Persimmon Plc (LON: PSN) Breaks Above 200-Day Average as RBC Upgrade and Strong Order Book Lift Outlook

Persimmon Plc (LON: PSN) Breaks Above 200-Day Average as RBC Upgrade and Strong Order Book Lift Outlook

2 December 2025 – UK housing stock news and analysis

Persimmon Plc’s share price is back in the spotlight after a powerful run through late November that has now pushed the FTSE 100 housebuilder above a key technical level and drawn a major broker upgrade on 2 December 2025. [1]

With a reinforced land pipeline, stronger forward order book and an improving macro backdrop for UK housing, investors are re‑assessing how far the Persimmon (LON: PSN) share price and dividend could go into 2026.


Persimmon share price today: above the 200‑day moving average

As of mid‑morning on 2 December 2025, Persimmon’s own investor relations site shows the share price around 1,351p, up roughly 21p on the day. [2]

According to MarketBeat, the stock has broken above its 200‑day moving average, which sits a little over 1,200p, after trading as high as roughly 1,335p in recent sessions. [3]

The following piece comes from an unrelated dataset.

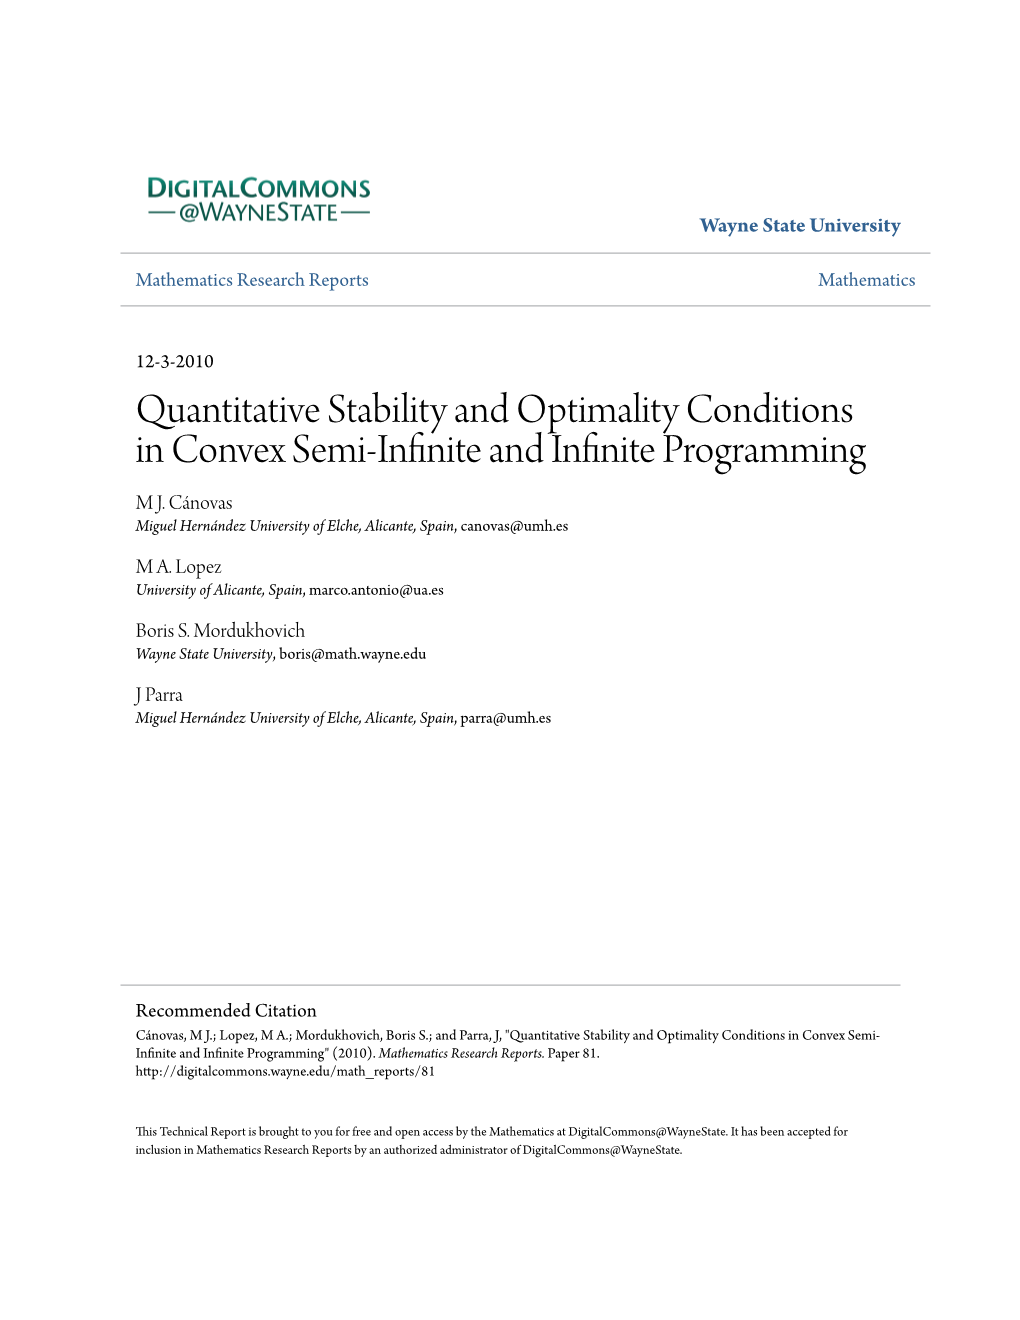 Quantitative Stability and Optimality Conditions in Convex Semi-Infinite and Infinite Programming M J
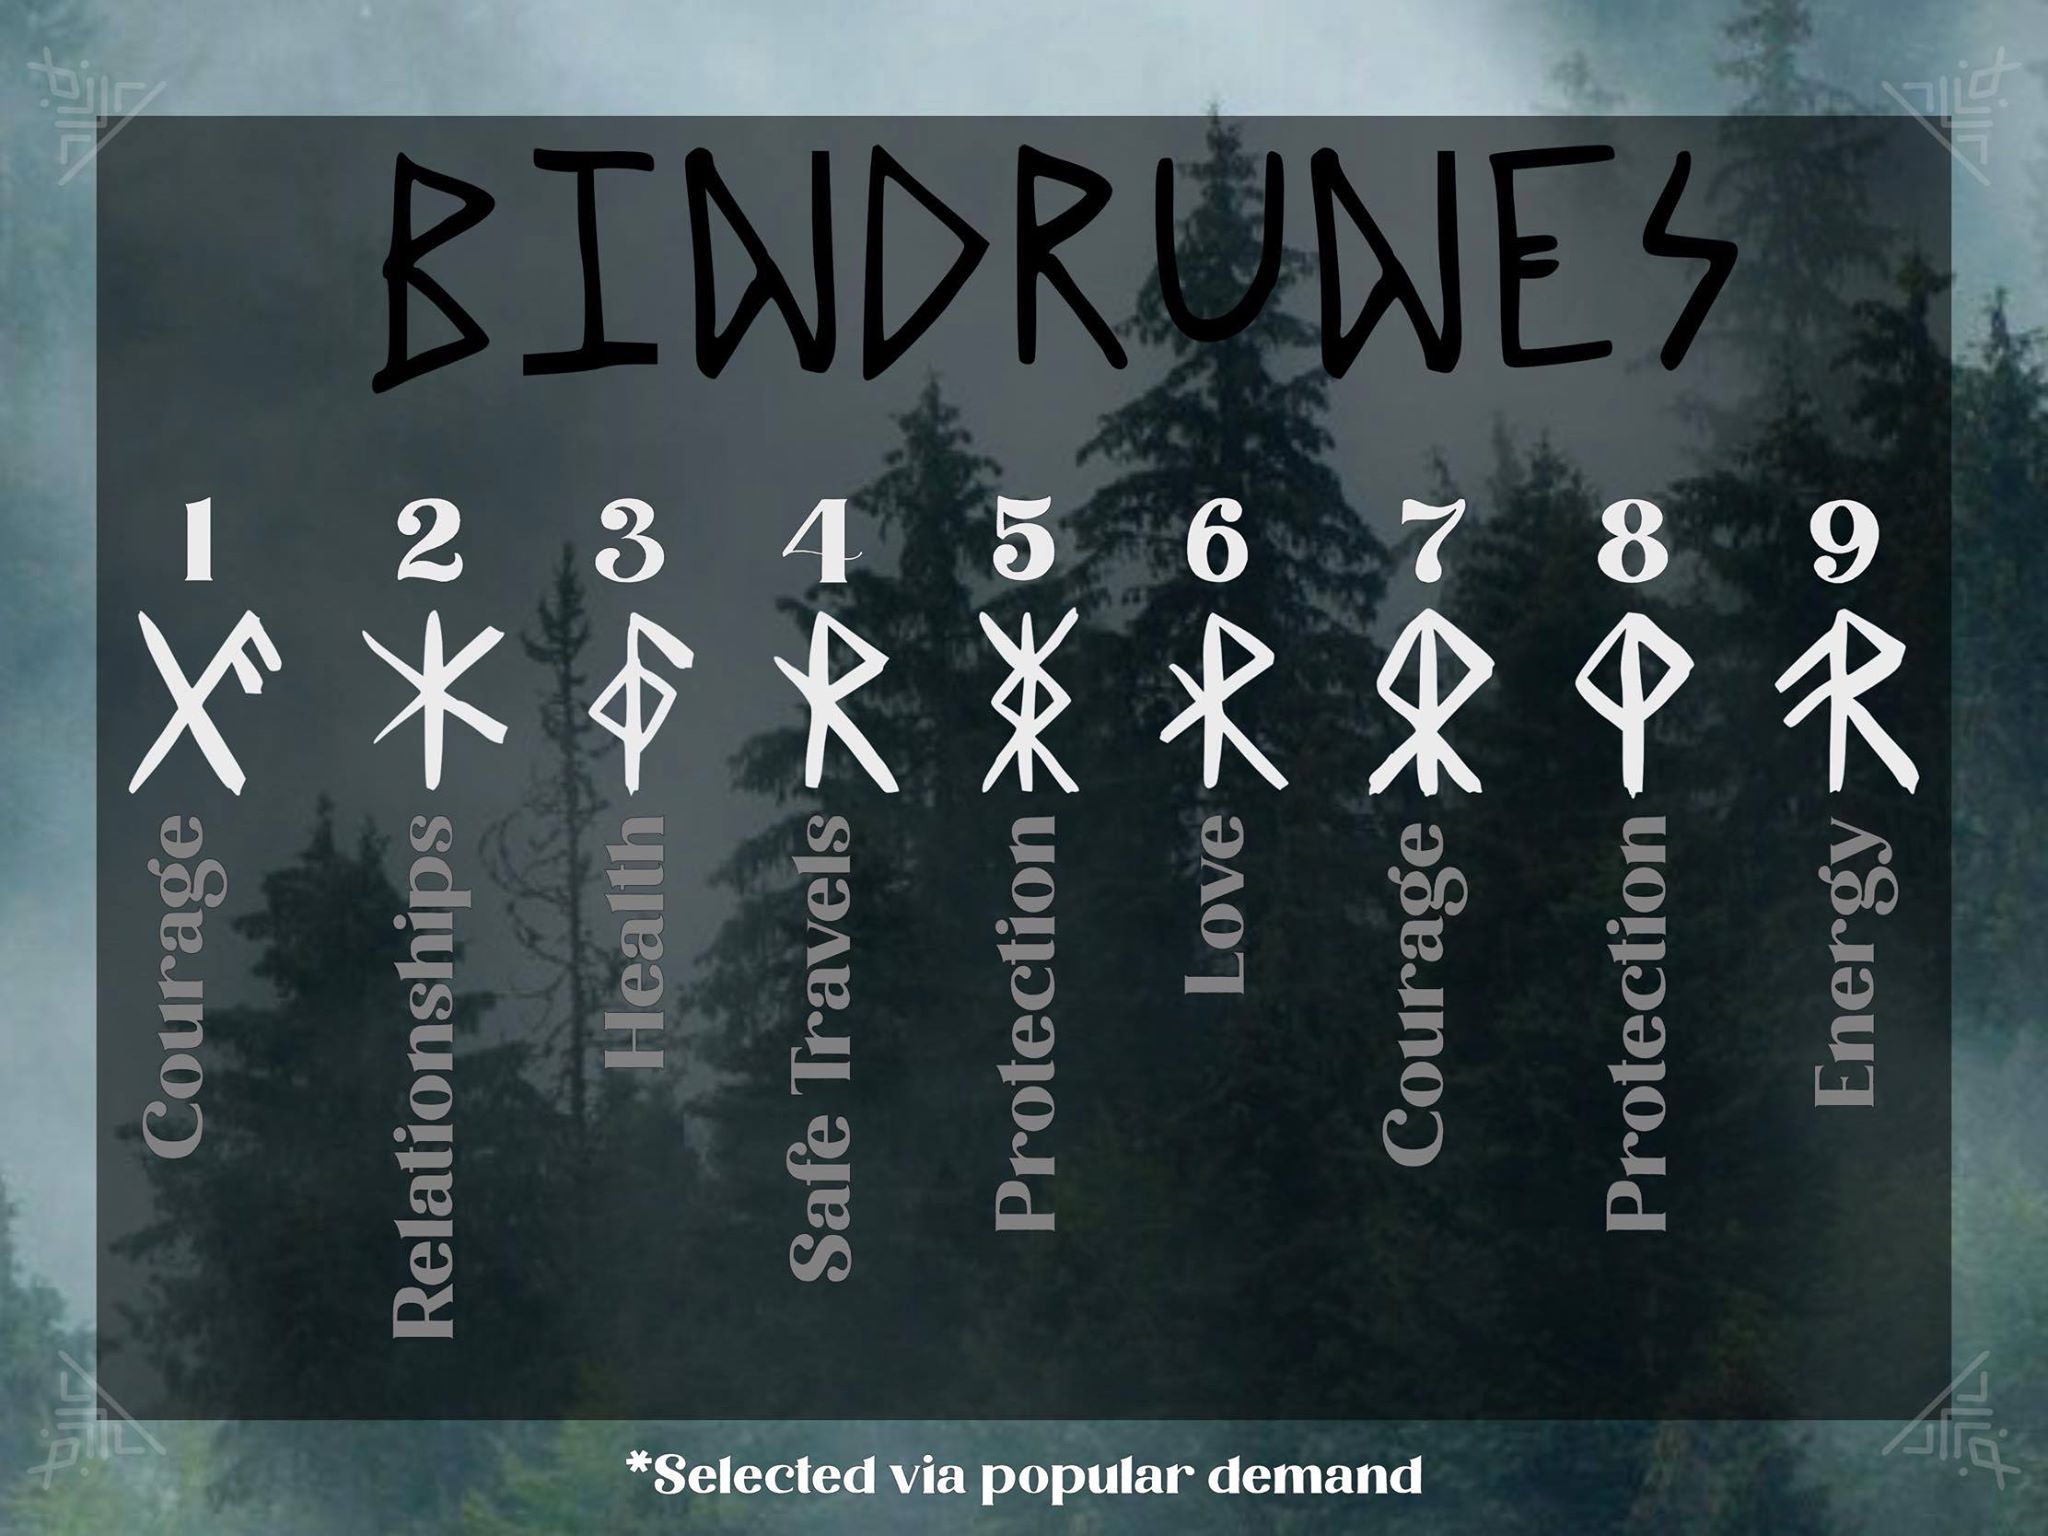 9th rune elder futhark

Some key context for the Persimmon share price:

  • Around 1,300–1,350p at recent closes, implying a market value just over £4.1bn. TS2 Tech+1
  • 52‑week range: roughly 1,030p at the low to about 1,420p at the high – a strong recovery from the 2022–23 downturn but still well below pre‑pandemic peaks. TS2 Tech
  • On late‑November pricing, Hargreaves Lansdown data cited a price/earnings ratio of ~14x and forward dividend yield around 4.5–4.7%. TS2 Tech+1

Technical research site StockInvest expects a fair opening price around 1,325p for 2 December, with an intraday trading range between roughly 1,312p and 1,349p based on recent volatility. [4]

Put together, Persimmon is trading in the middle of its one‑year range but has just punched through a widely watched technical ceiling – often taken by momentum investors as a sign that the trend may be turning more decisively upward.


2 December highlight: RBC upgrade to Outperform with a £17.50 target

The big fresh catalyst on 2 December is a rating upgrade from RBC Capital.

  • RBC has raised Persimmon from “Sector Perform” to “Outperform”, lifting its price target from £13.75 to £17.50 a share. [5]
  • The bank points to Persimmon’s faster pace of site openings versus peers, arguing that this should translate into stronger sales volumes. [6]
  • RBC highlights three structural advantages:
    • a greater mix of “self‑help” operational initiatives,
    • strong vertical integration (Persimmon makes many of its own materials), and
    • exposure to multiple demand segments across brands and regions. [7]

RBC’s new target is notably more bullish than the broader analyst consensus and comes in the same week that the bank cut ratings or targets on several rival housebuilders, including Berkeley and Barratt, underscoring Persimmon’s relative strength within the sector. [8]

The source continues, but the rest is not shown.